Madem gelenekselleşti, tüm yazılarımın şarkısı olsun: Alanis Morisette'den Crazy...
İlkini şurada yazdığım burada değilken neler yapıyorum'lara devam ediyorum. Geçtiğimiz cuma geleneksel Kabataş Erkek Lisesi yürüyüşündeydik. Kabataş'ı daha önce pilav gününü anlatırken şurada yazmıştım. Son sınıfların üniversite sınavları için okula gitmeyi bıraktıkları gün, Ortaköy'den Beşiktaş'a yürünür tezahüratlar eşliğinde. Birkaç ritüeli vardır yürüyüşün. En son Beşiktaş sahilde yine birkaç ritüel ile mezun olacaklar vedalaşır. Mezunlar da karşı kaldırımdan yürürler. Sonra okula geri dönülüp denize atlanır... Biz mezun olduktan sonra tekne gezisi de eklemişler.
Dışarıdan bakıldığında çok mantıksız görünen, anlaşılmayan hoş bir duygusallığı var yürüyüşün, geleneklerin.

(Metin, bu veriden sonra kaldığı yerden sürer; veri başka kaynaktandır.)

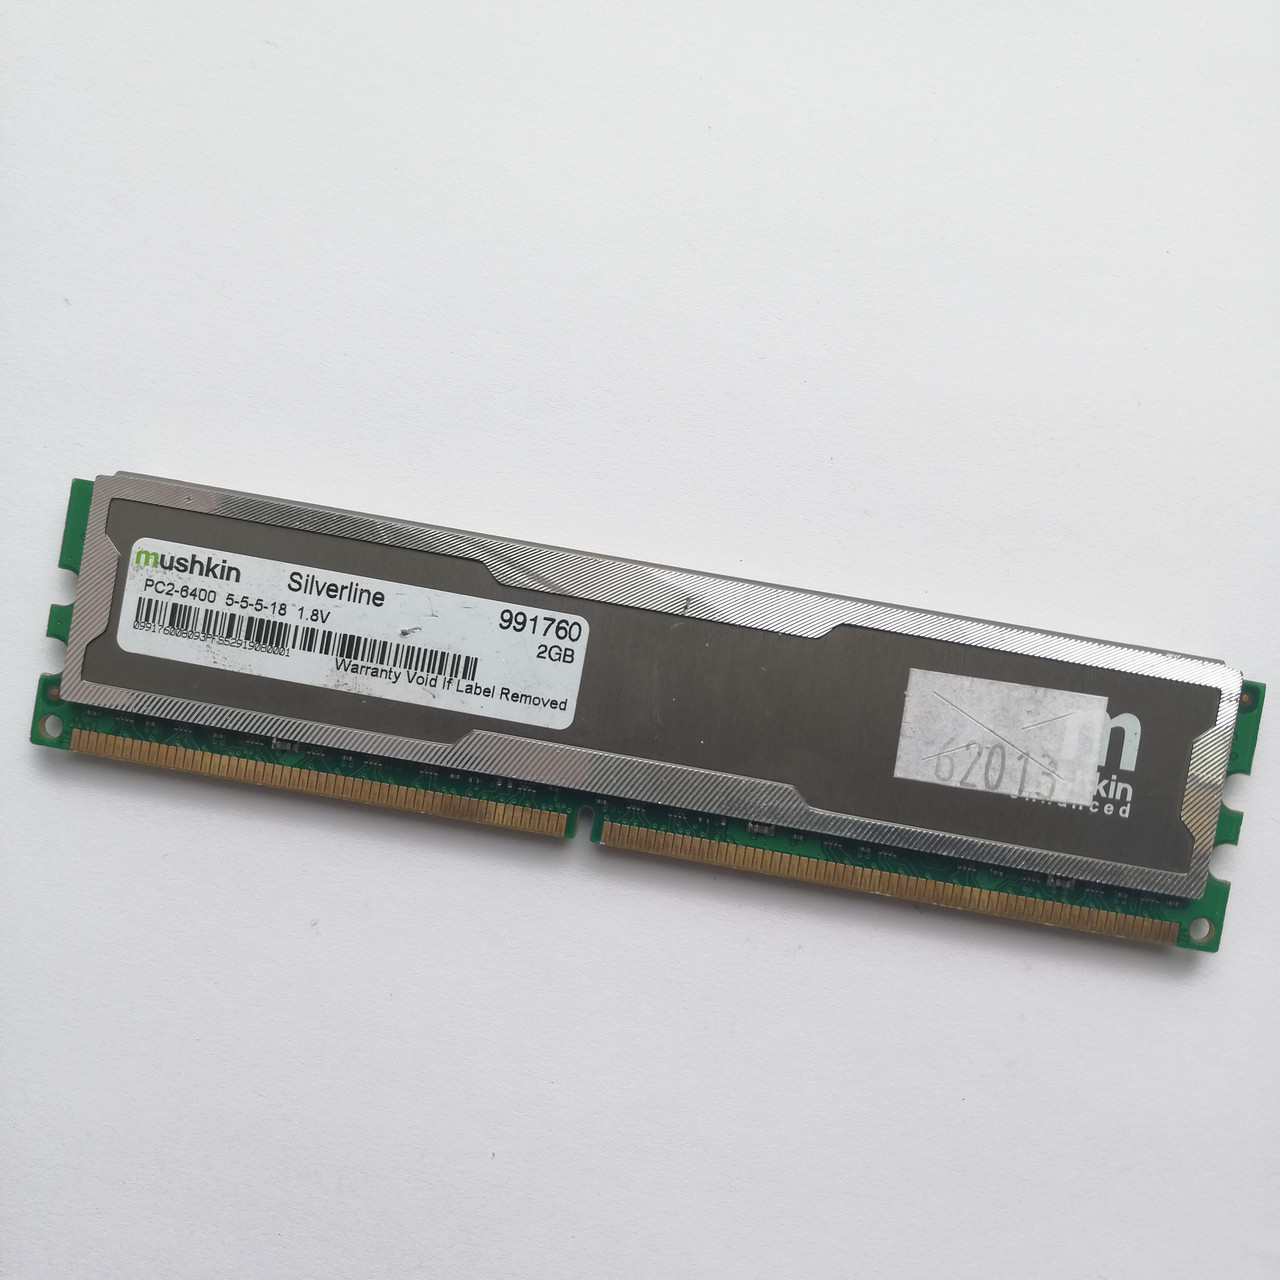 Ігрова оперативна пам'ять Mushkin DDR2 2Gb 800MHz PC2 6400U CL5 (991760) Б/В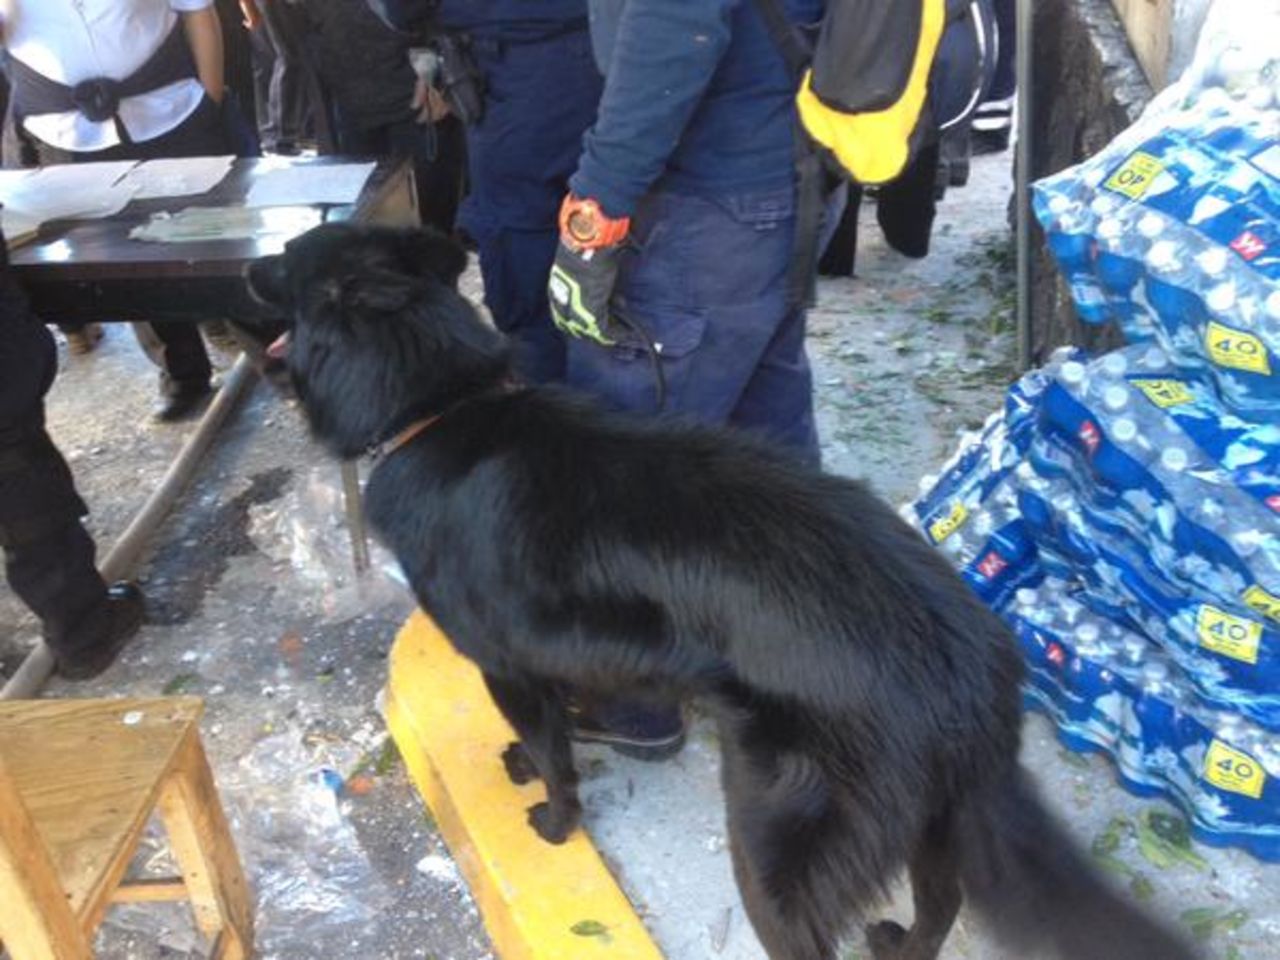 Rescatistas con perros adiestrados se hicieron presentes en el lugar para brindar socorro.

Biz yürüdüğümüzde Beşiktaş'a yaklaşırken içimin burkulduğunu hissetmiştim. Bir bütünün parçası olmak iyi hissettiriyor.
Ben mezun olduğum zaman iğrenç bir havada yürümüştük, deli gibi yağmur yağıyordu. Bu senekiler pek şanslıydı.
Herkesin hayatında yaptığı şeyler için kendisini yargılayamayacak insanlara ihtiyacı var. Yargılasa bile terk etmeyecek, kabullenebilecek... En saf ve en şeytan hallerinizi bilen, üstelik bundan nefret etmeyen. Bu güvence insana bambaşka bir huzur veriyor. Sanıyorum liseyi hala bu kadar önemsemem de bu yüzden.